# autofeed screw guns for decks and/or drywall



## dale rex (Jun 10, 2012)

Need some advice on buying one for some upcoming jobs I have. I dont build decks that often, but this year I have my own personal deck to rebuild from the ground up, and another job which is a repair/ re-deck. Years ago when I built a few small decks I screwed the deck boards with a cordless drill(predrilled the holes). Thsi was of course tedious and time consuming. Im sure with todays labor rates you cant be very competetive using this method anymore. I am 52 years old now and trying to do things a little smarter than I did 20 years ago. Well designed tools are a good way to achieve this. 

My question is: been looking at Simpson Quik Drive(ProSSD or PRO300) , and Muro7390(Home Depot) , both around $320.00 and wondered what is good and bad about these tools. I would be interested in using it first on the decks that I have to do, but also for screwing drywall in the future. Will these drivers countersink a screw through 5/4" x 6" or 2" x 6" PT deck boards into PT joists effectively? Thanks for any advice.


----------



## GRB (Feb 23, 2009)

ToTT did a review of auto-feed guns awhile ago. Here's a link.


----------



## ECSOWNER (Jul 25, 2011)

I have the Pro250 with a the Makita motor. I bought for screwing down subfloors in new construction, and remodels before laying hardwood and tile. I'm 6'5" so not tool will work well with my height, but the extension is comfortable for most people. I have no used it on decking, but when driving 2.5" screws into plywood and 2x10's, it will do screw after screw with ease. Easy to load, and if you need to pull a screw out, the screw feeder comes off with one hand and you can reverse it out. The manufacturer says to not run it in reverse. I have run probably in the neighborhood of 20,000 screws through it and 1 tip. If I had to buy one again, I would get another Simpson.


----------



## Brian Peters (Feb 2, 2011)

I know it's not one you're looking at but I use the Pam autofeed, it has a Milwaukee motor. It uses the torx screws and works very well on 5/4 boards..


----------



## redwood (Dec 5, 2007)

I have a couple of older quick drives. I used it way back when I used to build a lot of redwood decks, and they worked fine, as long as no one put the thing in reverse.

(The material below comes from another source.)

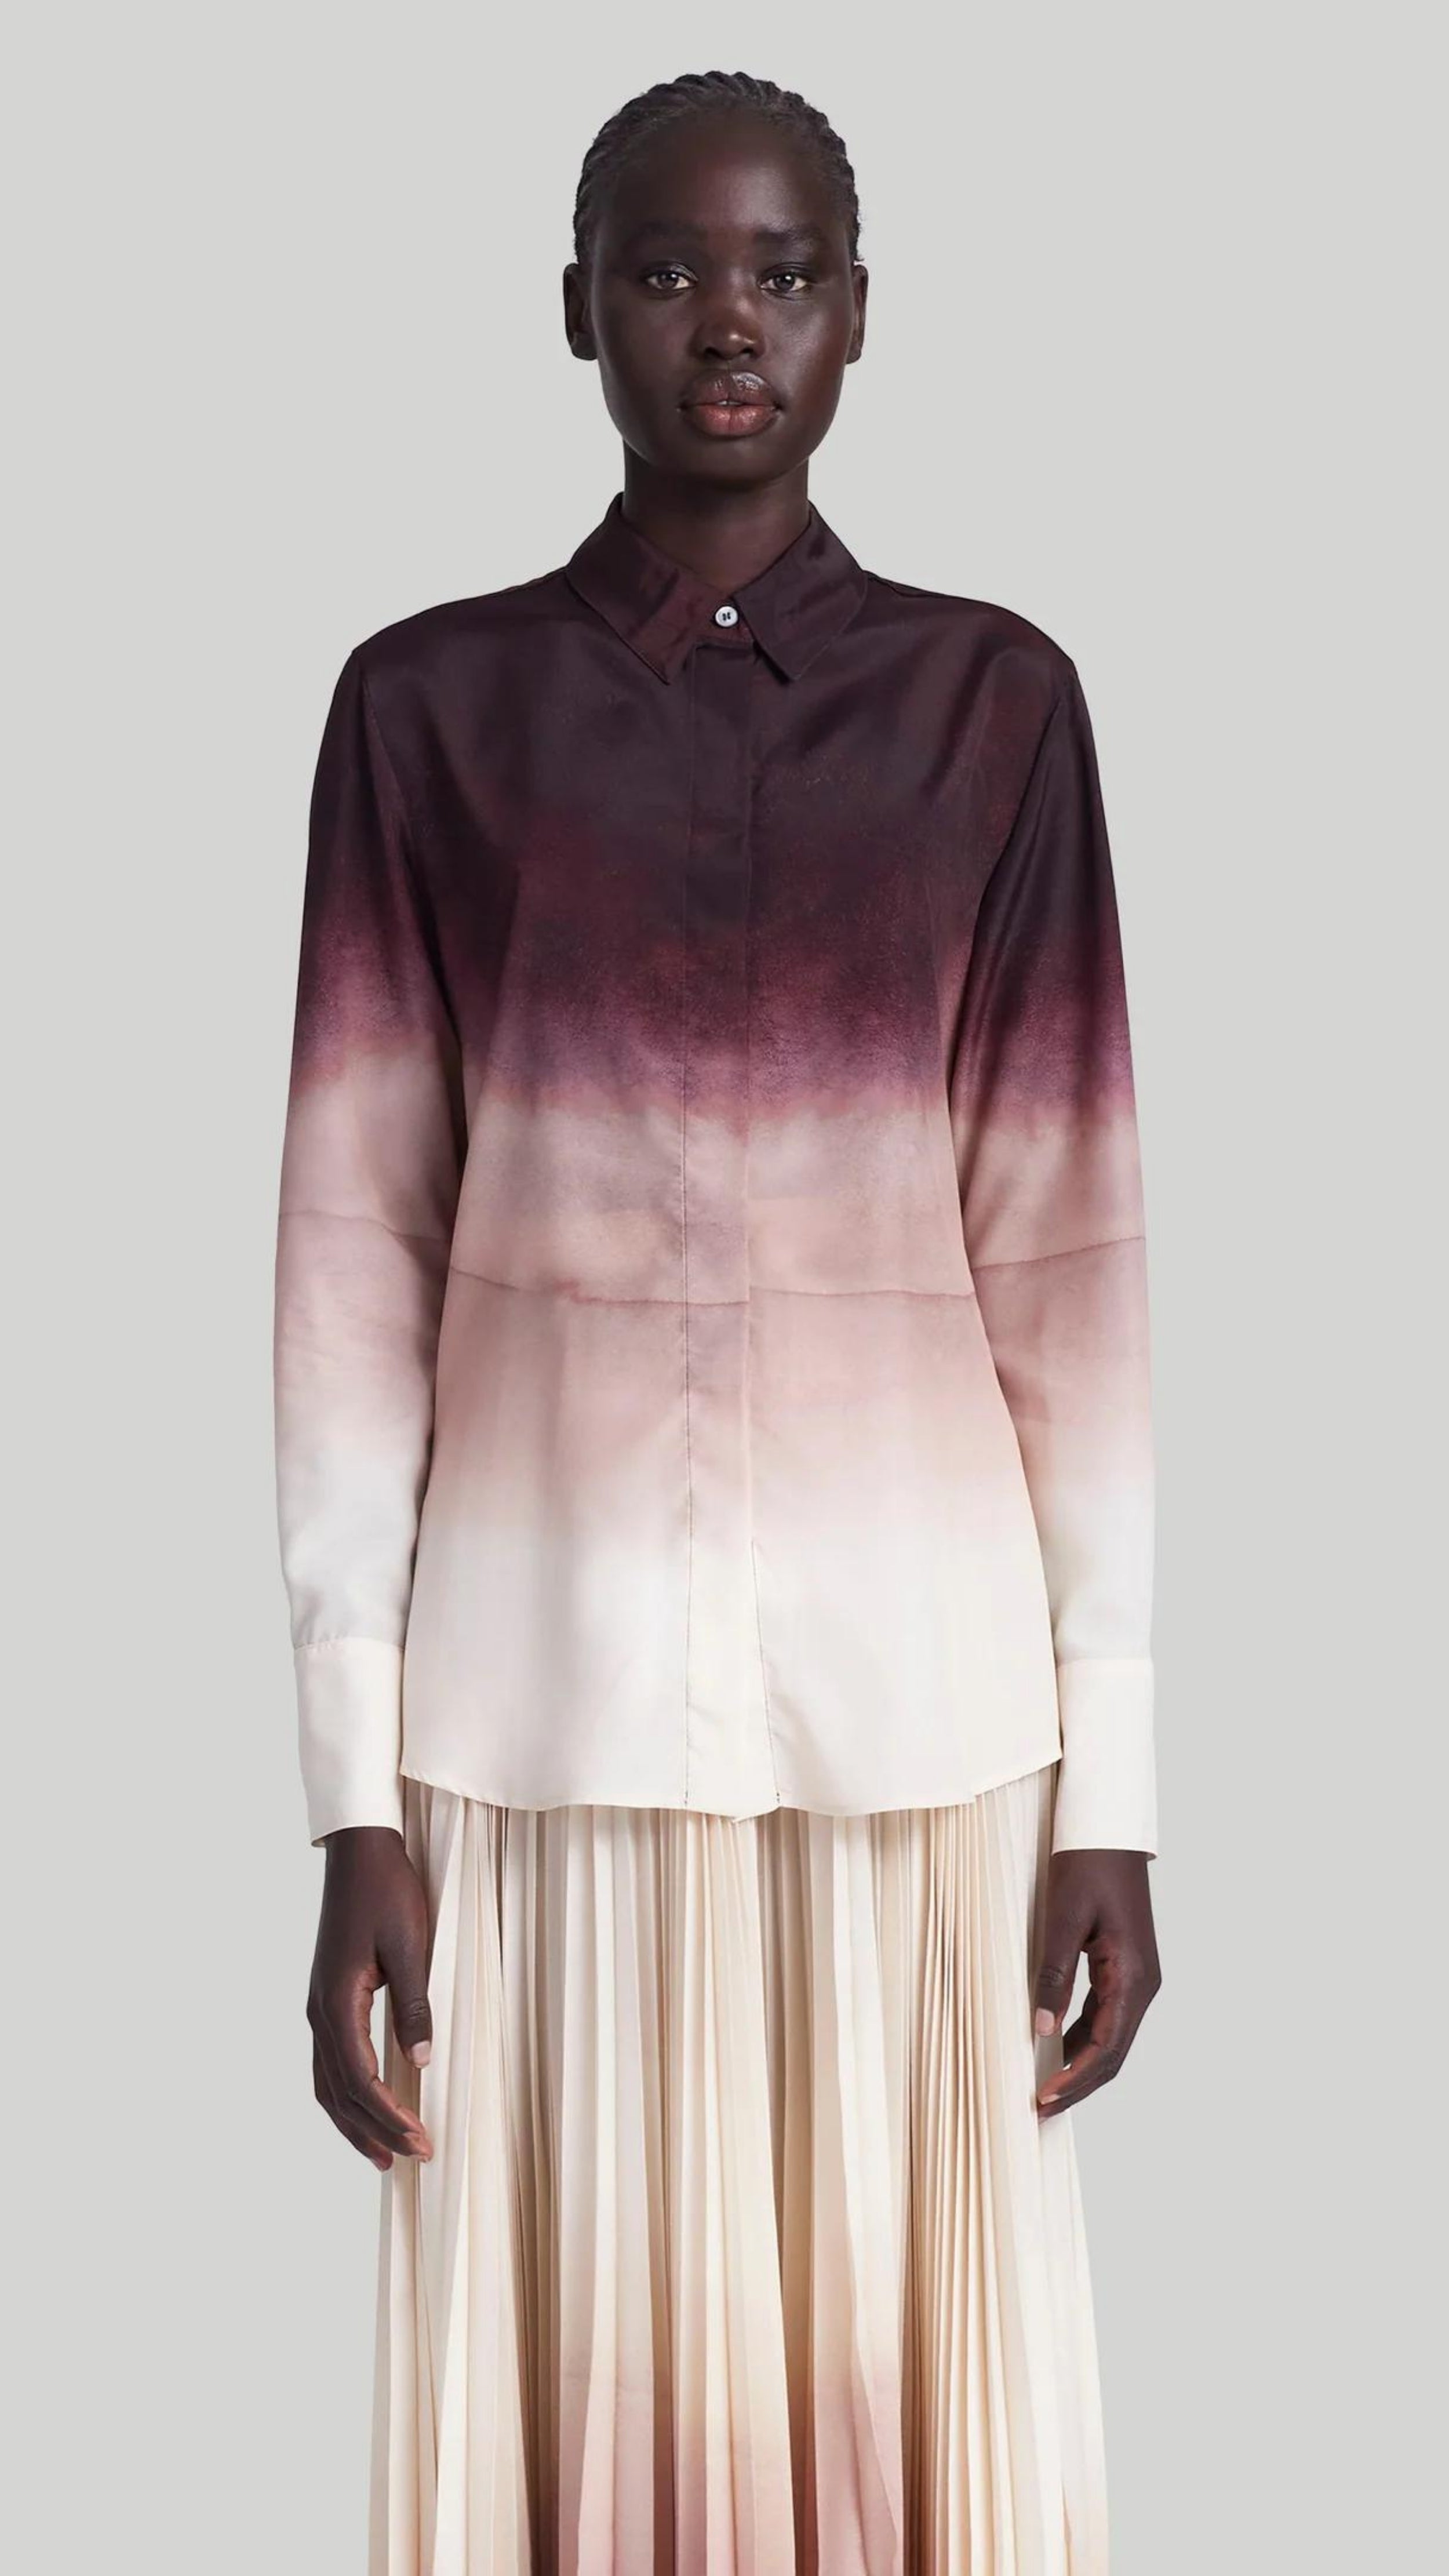 Altuzarra The Chika Top is crafted from Italian silk in an elegant cranberry to ivory dip dye ombre. The classic style button down shirt features a small point collar, concealed button front closure, and long cuffed sleeves. Shown on model facing front.

Now the only use they get is for screwing down subfloors. I would think that it is too bulky for drywall. We use a cordless Senco durospin for that.


----------



## Rich D. (Oct 14, 2011)

For drywall I have the hilti collated screw set-up and can't be happier. I can also buy the extender so I can use it for stand-up subfloor or whatever else, But yet to try that out. If I could find the right collated screws for a deck job I'm sure it could handle it. 

Now for a dedicated deck gun set-up I haven't gave it too much thought since it seems face fastening is a thing of the past, everyone wants the hidden fasteners. Also it seems you can't find the right screws you need. Imo


----------



## dale rex (Jun 10, 2012)

Are the screws universal for the dfifferent brand drivers or do I have to buy the specific brand screw for that brand?


----------



## Rich D. (Oct 14, 2011)

dale rex said:


> Are the screws universal for the dfifferent brand drivers or do I have to buy the specific brand screw for that brand?


I know the hilti can take a couple brands.. can't speak for the others though


----------



## dvatt (Apr 16, 2009)

I had a tyrex gun same as senco and I ran the duraspin screws as well as the relabeled tyrex screws. Simpson made me an offer to use their gun and it has worked out tremendously. I install a lot of reliaboard and their screws sit so nice. They also have a nose attachment and my placement of screws are perfect as it sits over the joist.


----------



## Tilemantim (Feb 23, 2016)

Who makes screws that won't snap securing 1/2" Hardie to floors?


----------



## EthanB (Sep 28, 2011)

I have a Duraspin DS300-AC. Pretty sure it's not made any more but it's great. Wouldn't work as a drywall gun though. I found the price for Senco SS deck screws was a LOT less than Simpson.


----------



## madmax718 (Dec 7, 2012)

ss anything is pricey!


----------